History of Luton Hoo

One can surmise a lot from a name and the unusual suffix ‘Hoo’ hints at the early origins of the Luton Hoo estate. A word of Anglo-Saxon origin, it was reputedly bestowed to an English family by King Canute in the early eleventh century and who continued to hold it throughout the Norman Conquest; the estate finally passed to Sir Thomas de Hoo in 1420.

Sir Thomas was awarded the title of Baron Hoo for his distinguished service under Henry VI during the chaos of the Hundred Years War, yet the Baronetcy died with him in 1454 as he passed without a male heir.
Through marriage and inheritance the Luton Hoo estate passed through several notable families including the Napiers, stalwarts to the Royal House of Stuart. Luton Hoo was bought by another Stuart in 1763. A Scottish nobleman, John Stuart the 3rd Earl of Bute, had served as Prime Minister under George III, rising quickly in politics given his role as tutor to the King’s son George, the Prince of Wales.

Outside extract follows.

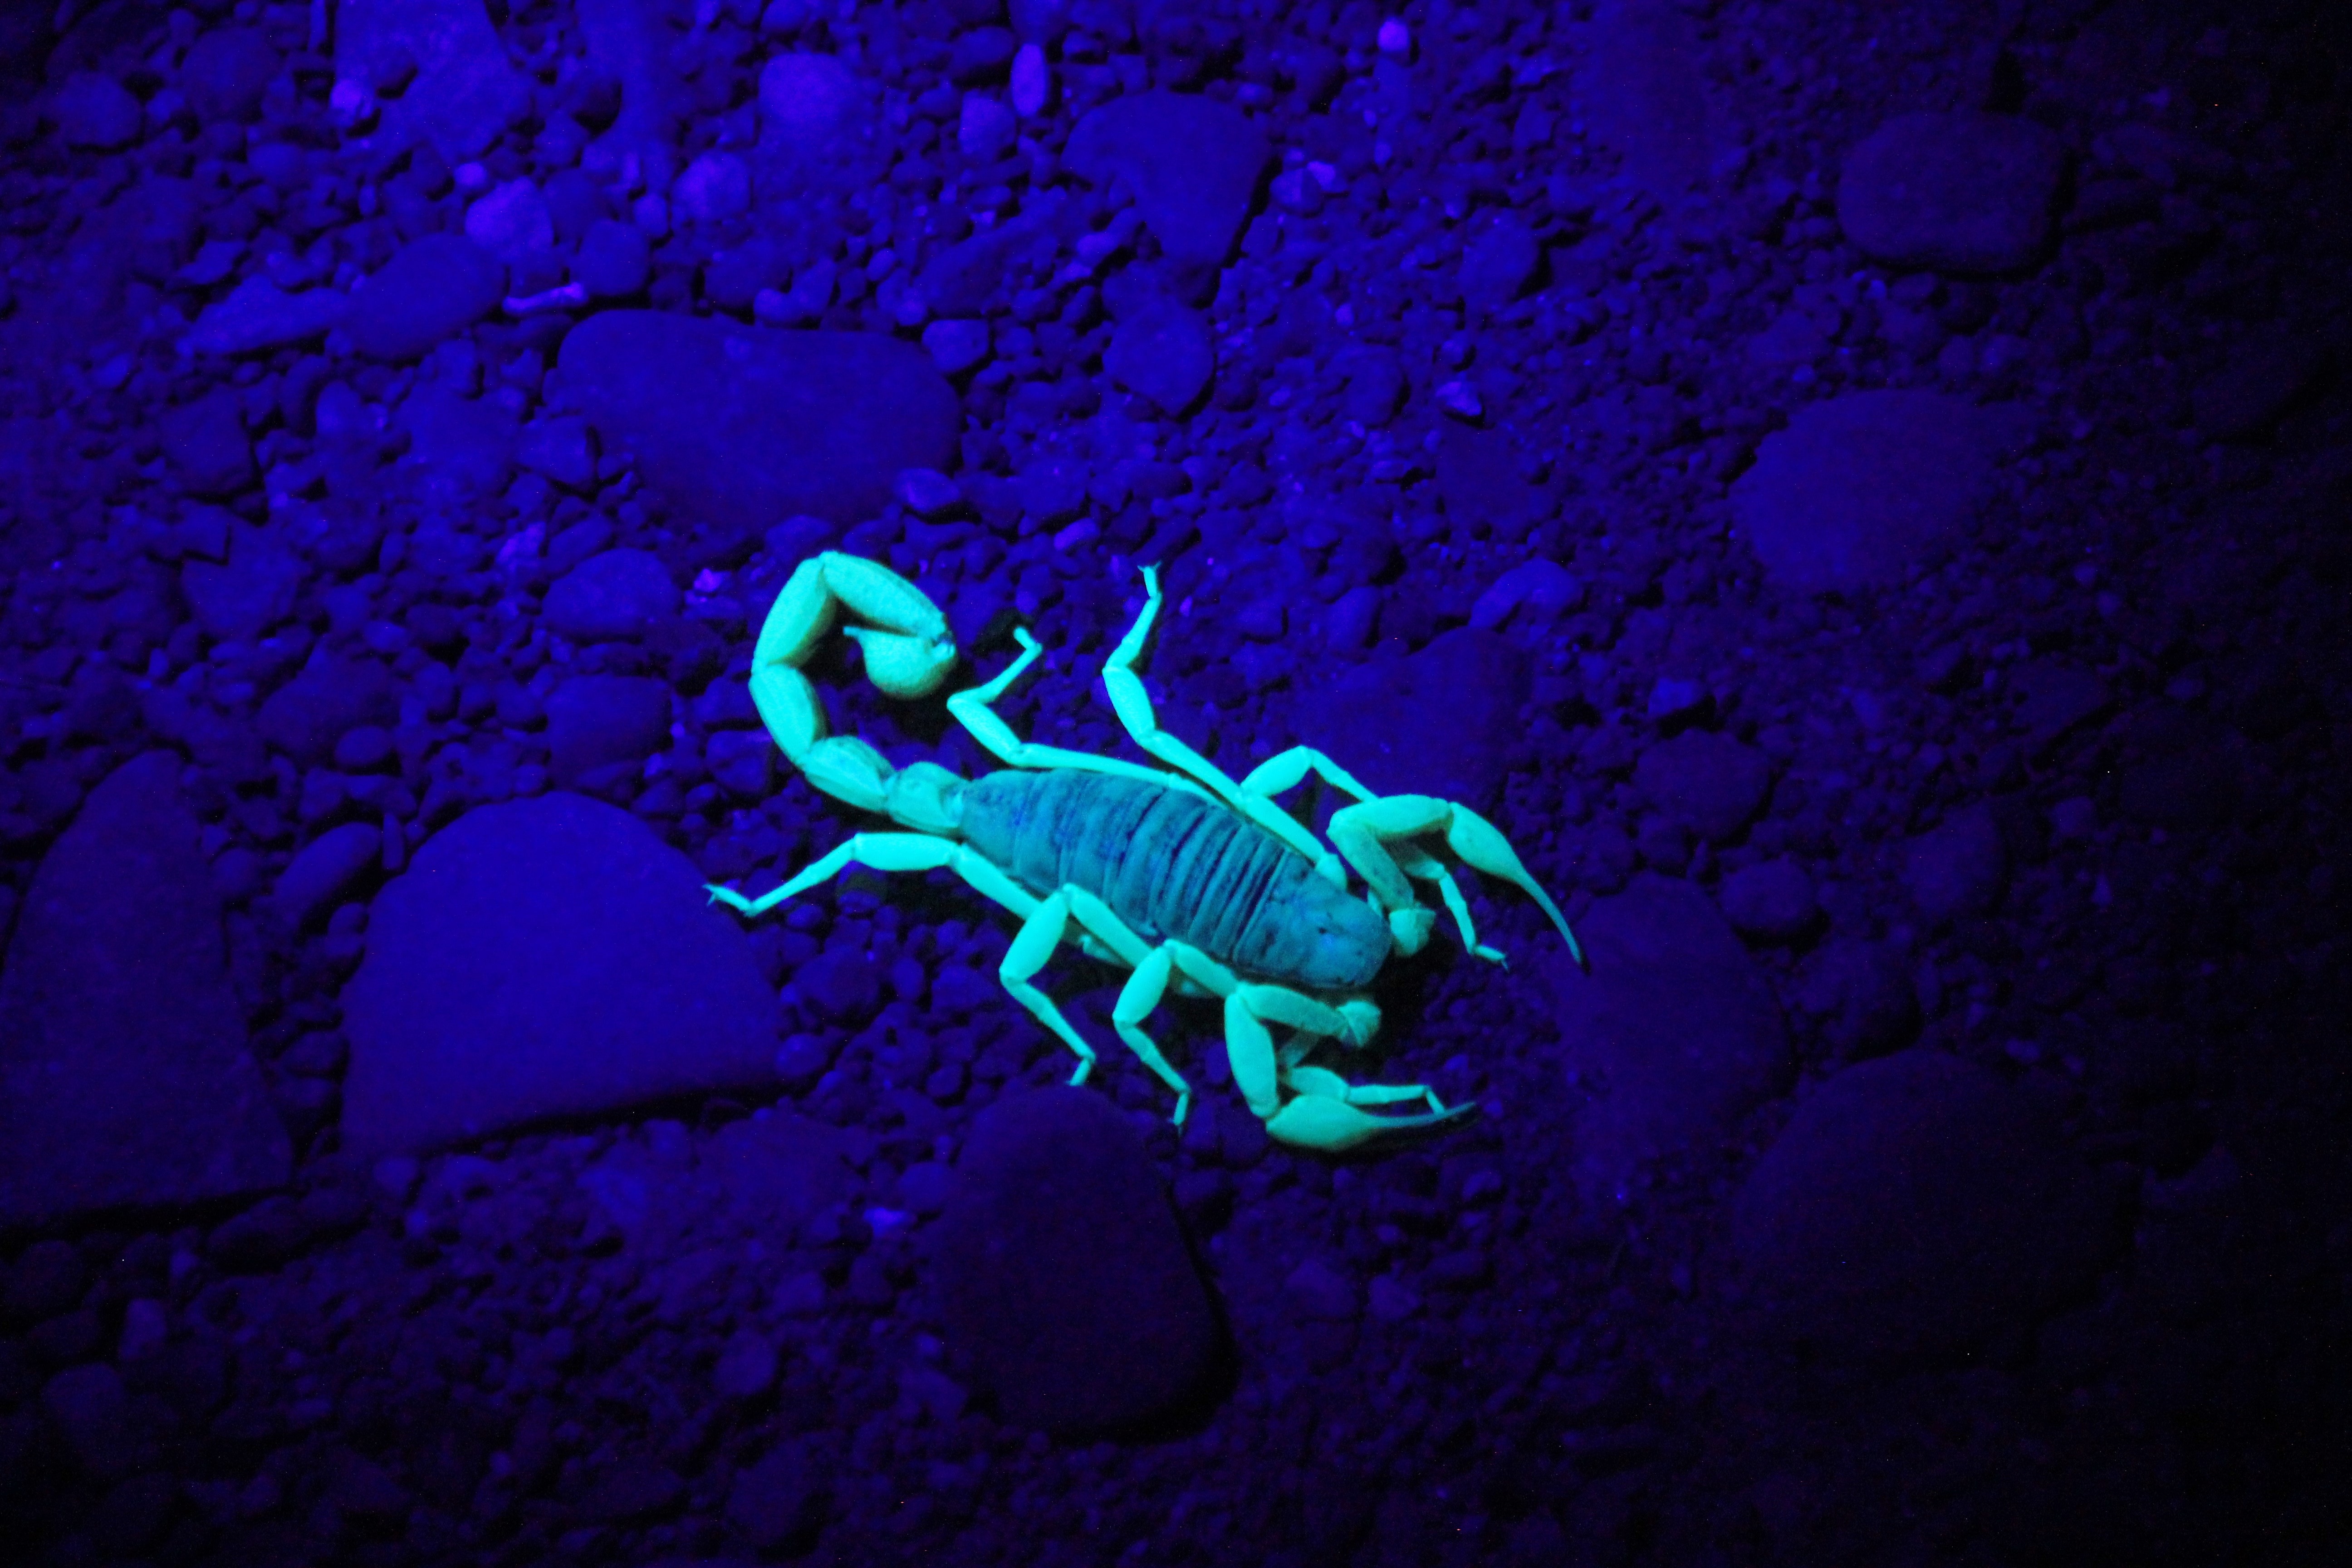 A glowing scorpion. | Source: Unsplash

Although considered a favourite of the King, and perhaps the last politician to be officially considered as so, John quickly fell out of favour with the erratic King once becoming PM. Part of Bute’s fall from grace was on account of his bad advice to the King during the Seven Years War, decisions that ultimately cost Britain her 13 colonies in America. With his political ambitions dashed, John retreated to his Luton estate which became his sanctuary from the vilification he was now suffering in the press. One such rumour was that he was involved romantically with the King’s mother. Clearly, tabloid slander was as rife in the 18th century as it is today!

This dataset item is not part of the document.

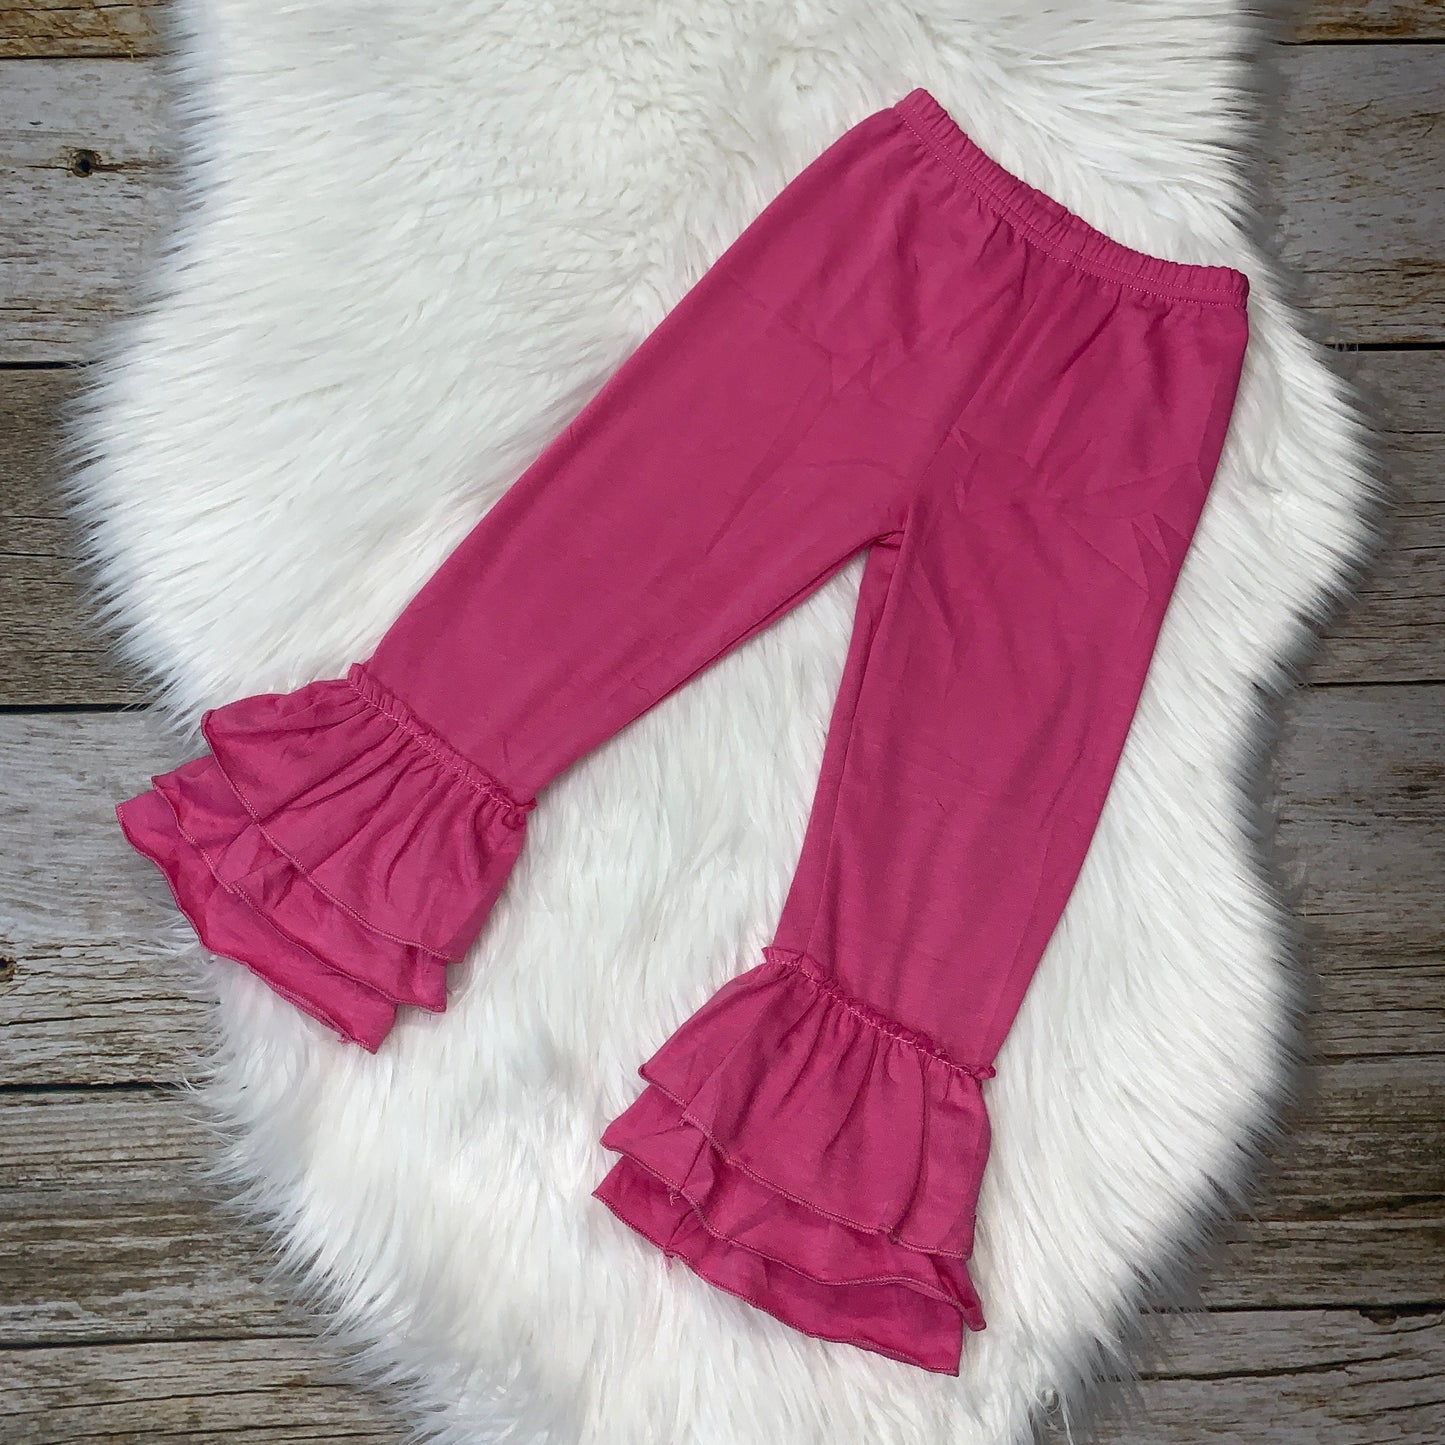 Knit Cotton Truffle Pants - Hot Pink

Thus began the first documented phase of development and restoration of the house at Luton Hoo. Funded by his commercial interests, John employed the famed Scottish architect Robert Adam to redevelop the house into a magnificent Georgian mansion. While he spent a considerable fortune on the interior, botany was John’s major passion. As the first Director at the Botanical Gardens at Kew, he had some big expectations and after the politics fiasco, John had no plans to disappoint. Spending freely, John commissioned the renowned landscape gardener Lancelot ‘Capability’ Brown to lay out the formal gardens and parkland. This became one of Lancelot’s most ambitious projects in his lifetime, second only to Bleinheim Palace.

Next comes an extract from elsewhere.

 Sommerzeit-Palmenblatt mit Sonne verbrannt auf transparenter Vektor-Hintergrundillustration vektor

Tragically, a fire gutted most of the house leaving only a shell of Robert’s architectural work but the gardens were untouched and remained John’s living legacy. John was also a patron of literature with his most famous benefactor being Dr Samuel Johnson, author of ‘A Dictionary of the English Language’ and a great admirer of Luton Hoo.

In 1792 the estate passed to John’s grandson the 2nd Marquess of Bute, John Crichton-Stuart. Like his grandfather, the Marquess had a flair for land management making healthy incomes from his Luton estate and eventually hiring the services of genial and prolific architect Robert Smirke to redesign the house. Robert’s design was commissioned in c.1830 and included the neo-classical portico entrance. Despite yet another fire, this is the Georgian design that remains to the present day.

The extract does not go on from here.